Comment: The messages are clear: (1) surgeons need to be aware that even 'minor' surgeries (such as joint debridement) can increase the risk of infection in a subsequent joint replacement and (2) surgeons and patients need to discuss the fact that a shoulder arthroplasty on a previously operated shoulder has almost twice the risk of becoming infected. Surgeons need to consider obtaining 'preemptive' cultures at the time of arthroplasty in such cases and to be aware that a deviation from the expected postoperative course may represent the stealth presentation of a periprosthetic infection.

These authors are not the first to point out the relationship between prior surgery and shoulder arthroplasty infection. Their findings are similar to those of a prior article, our post on which is reproduced here:
Infection after primary anatomic versus primary reverse total shoulder arthroplasty.

These authors reviewed 814 primary total shoulder arthroplasties and found deep periprosthetic infections in 16: 6 anatomic total shoulders (aTSA)  and 10 reverse total shoulders (rTSA).

The surgical technique included the use of surgical hoods, limitation of operating room traffic, 
antibiotic prophylaxis with intravenous cefazolin (or clindamycin in cases of b-lactam allergy) at
least 30 minutes before the incision, followed by 3 additional postoperative doses. Preparation of the surgical site was with chlorhexidine.

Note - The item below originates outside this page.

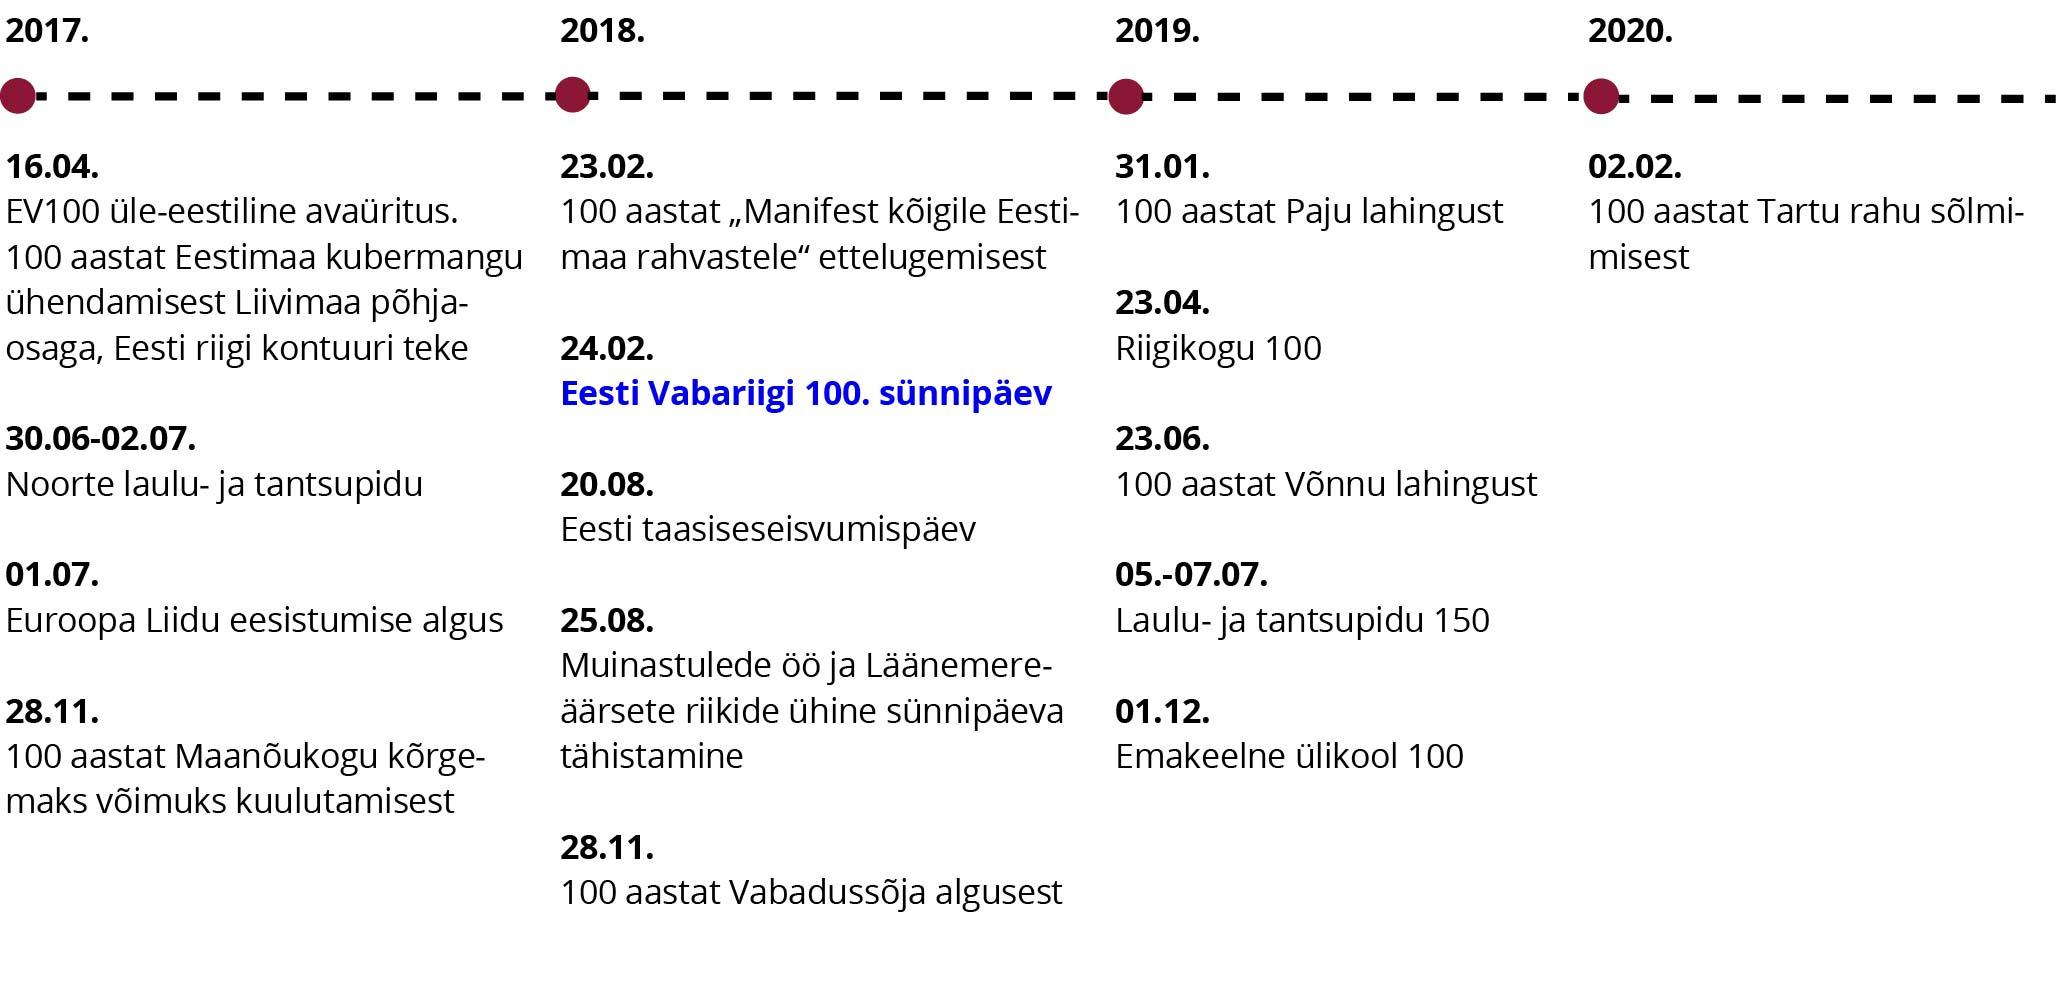 JOONIS 1. Olulisemad tähtpäevad Eesti Vabariik 100 perioodil. Allikas: Riigikantselei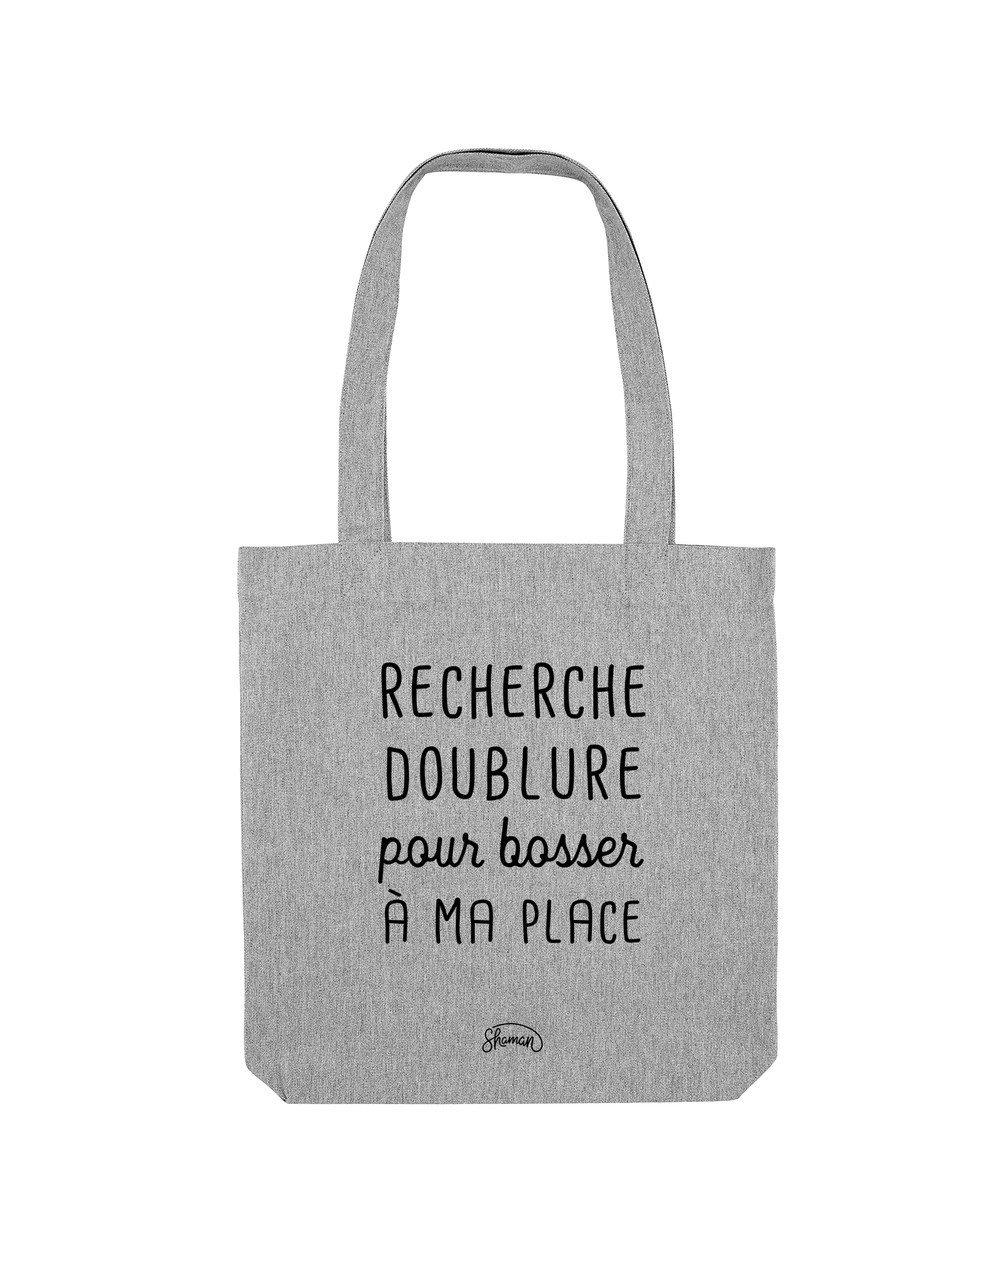 RECHERCHE DOUBLURE - Tote Bag  Gris chiné  en coton

The infections were determined by retrospective chart review. An infection was diagnosed by joint fluid culture or tissue/bone culture. Infections occurred in 7 women (44%) and in 9 men (56%).
The isolated causative organisms were Staphylococcus  spp in 7 patients (43.8%), Propionibacterium
acnes  in 7 (43.8%), Escherichia coli  in 1 (6.3%), and both Staphylococcus  spp and P acnes  in 1 (6.3%). The prior surgeries included rotator cuff repair in 5, Bankart repair in 1, ORIF for fracture in 1, and arthroscopic debridement/biceps tenotomy in 1. The patient with the E coli infection had no prior surgery.

Shoulders with previous nonarthroplasty operations undergoing primary TSA exhibited a significantly higher (P = .016) infection rate compared with shoulders with no operative history. 

Both aTSA and rTSA performed in previously operated-on shoulders demonstrated higher infection rates compared with shoulders with no prior operative intervention. 

Comment: We prepared this chart to make the data from this study a bit easier to grasp.

These data indicate that patients with prior surgery have an increased risk of sustaining an infection after shoulder arthroplasty - information that should be shared with candidates for this procedure.

It is likely that these numbers underestimate the number of infections in that we recognize that Propionibacterium infections may present as pain, stiffness and component loosening many years after the index procedure as described in this post.